### Exercise prompt
Below this line is a set of entries; quote exactly the lines from the line that contains "Перчатки для фитнеса Starfit" to the line that contains "DESK Sprachkursein München", both lines included.

### Supplied data
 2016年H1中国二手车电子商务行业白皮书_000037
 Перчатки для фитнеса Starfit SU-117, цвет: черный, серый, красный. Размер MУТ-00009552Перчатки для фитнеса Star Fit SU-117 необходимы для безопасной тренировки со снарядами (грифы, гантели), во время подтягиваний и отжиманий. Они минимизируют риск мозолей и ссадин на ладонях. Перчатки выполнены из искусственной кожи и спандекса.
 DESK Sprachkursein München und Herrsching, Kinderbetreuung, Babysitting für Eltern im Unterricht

--

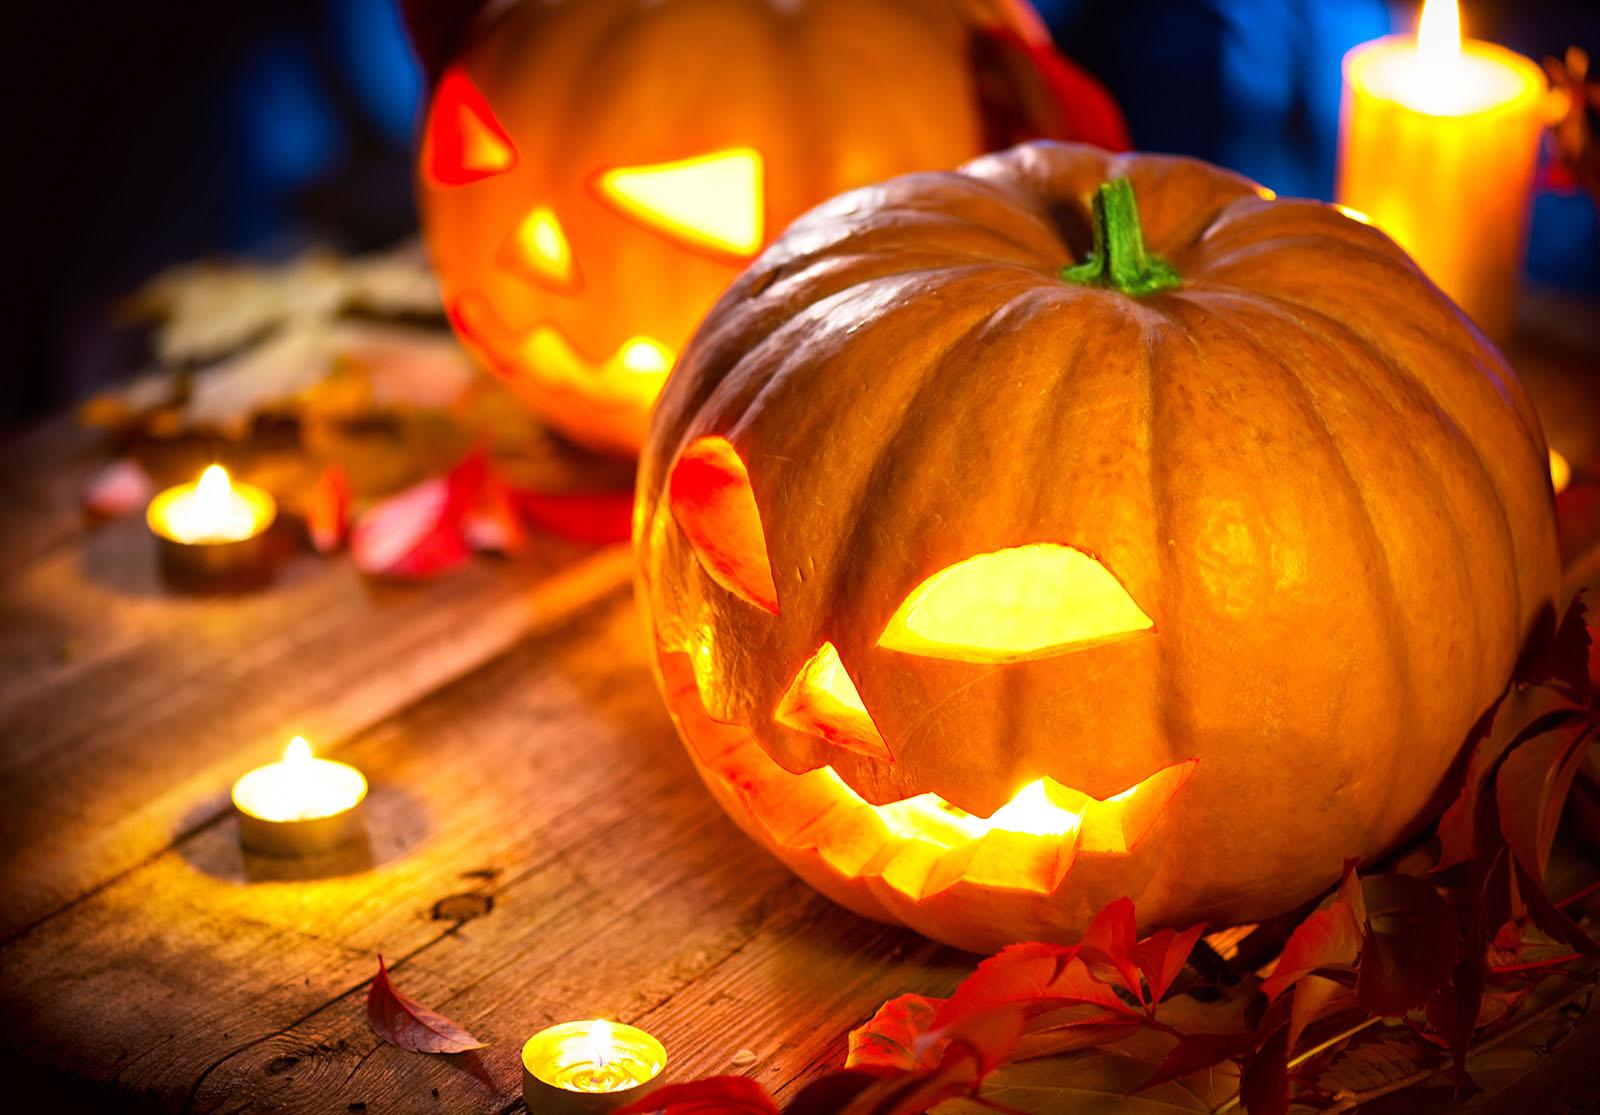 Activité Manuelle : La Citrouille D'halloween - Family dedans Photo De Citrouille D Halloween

==

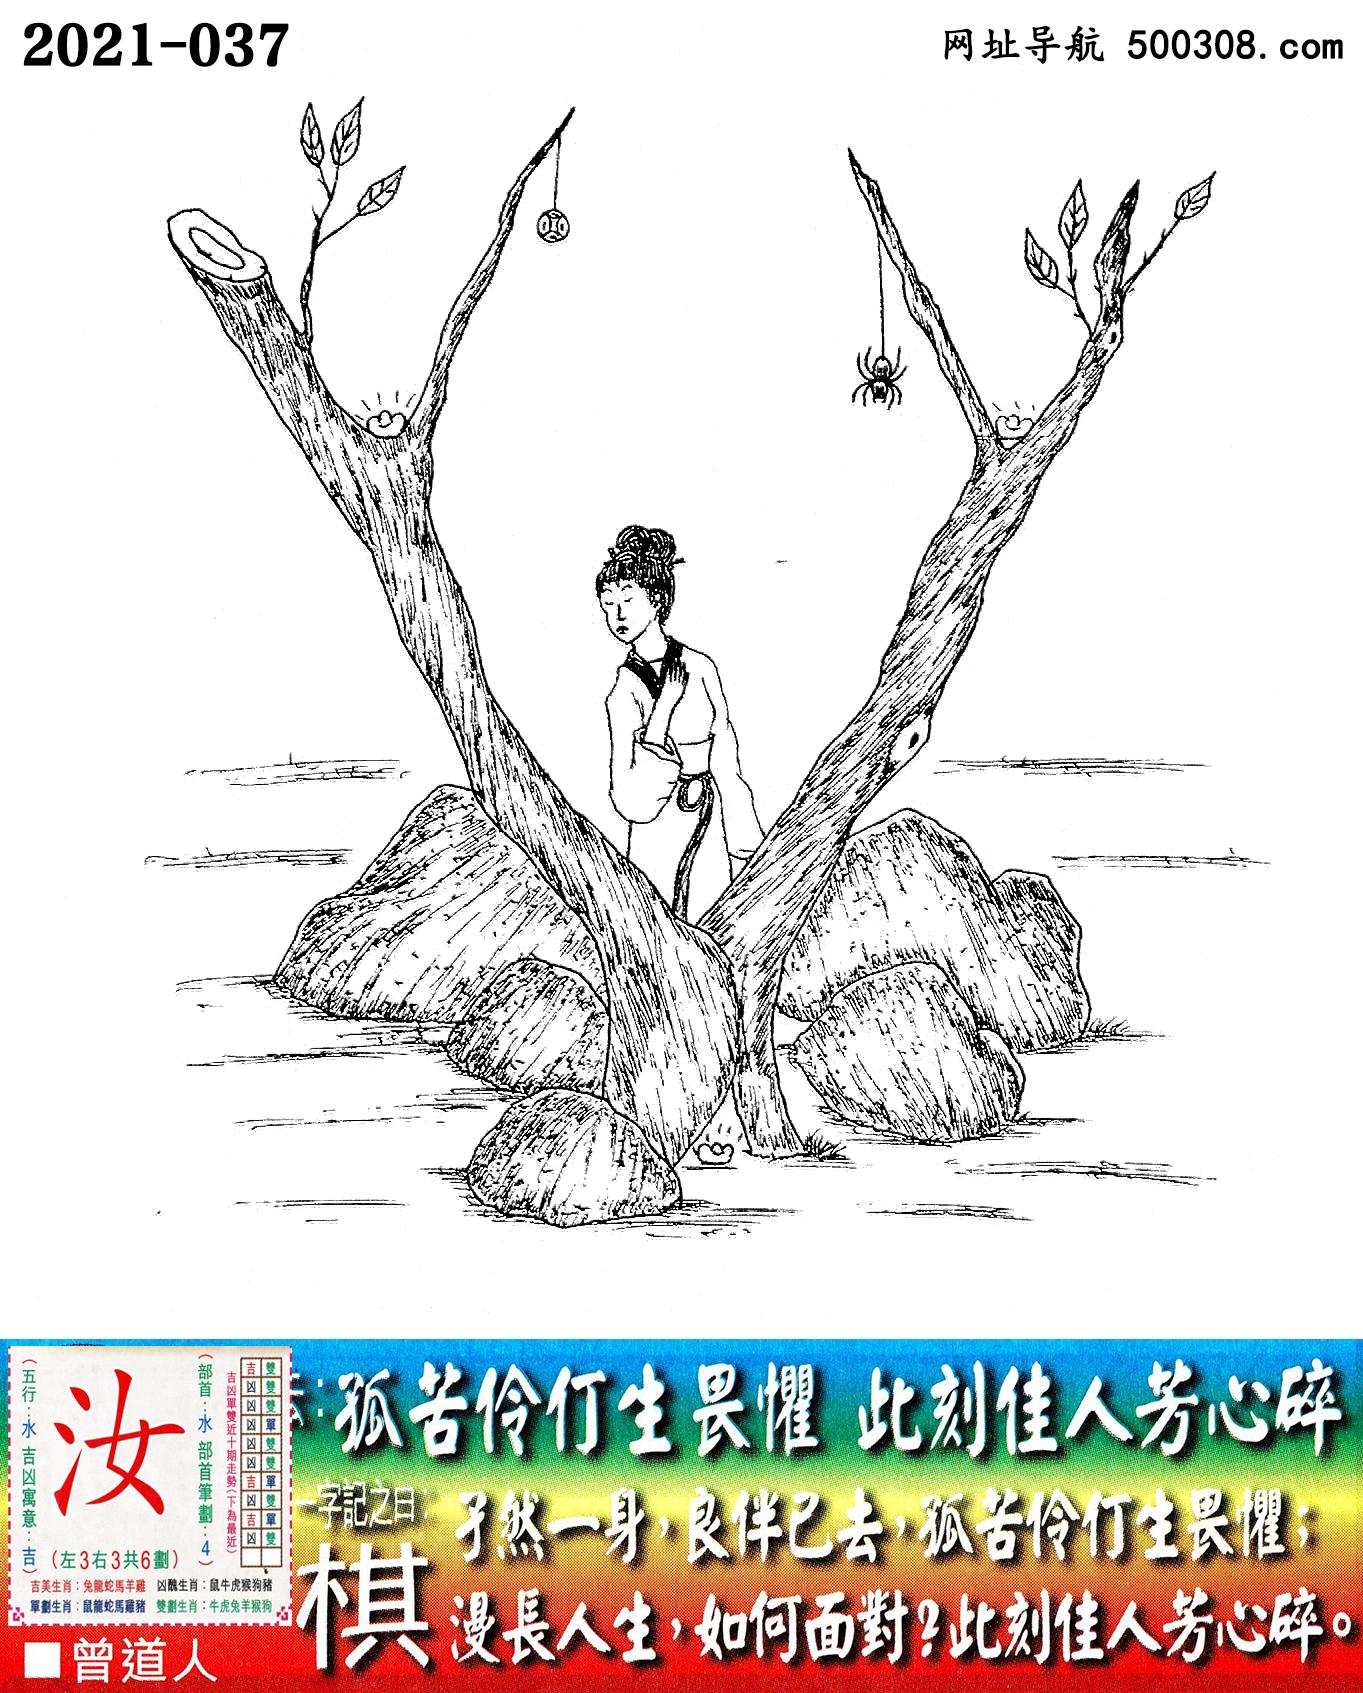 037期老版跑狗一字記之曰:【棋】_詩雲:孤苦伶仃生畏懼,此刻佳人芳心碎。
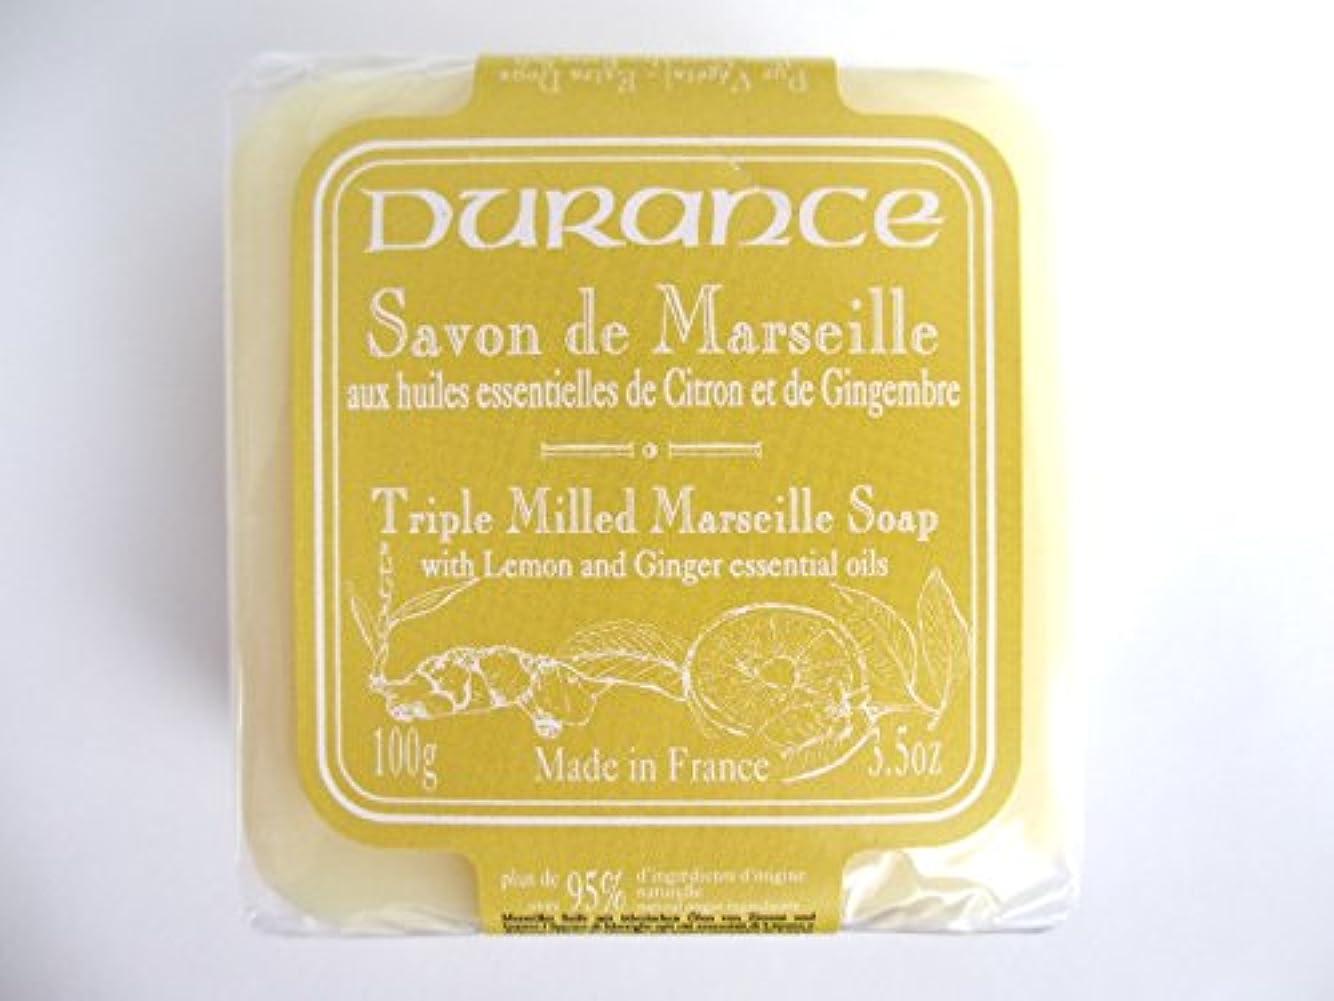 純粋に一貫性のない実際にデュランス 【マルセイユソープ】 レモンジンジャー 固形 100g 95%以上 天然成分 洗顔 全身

### Exercise output
 Перчатки для фитнеса Starfit SU-117, цвет: черный, серый, красный. Размер MУТ-00009552Перчатки для фитнеса Star Fit SU-117 необходимы для безопасной тренировки со снарядами (грифы, гантели), во время подтягиваний и отжиманий. Они минимизируют риск мозолей и ссадин на ладонях. Перчатки выполнены из искусственной кожи и спандекса.
 DESK Sprachkursein München und Herrsching, Kinderbetreuung, Babysitting für Eltern im Unterricht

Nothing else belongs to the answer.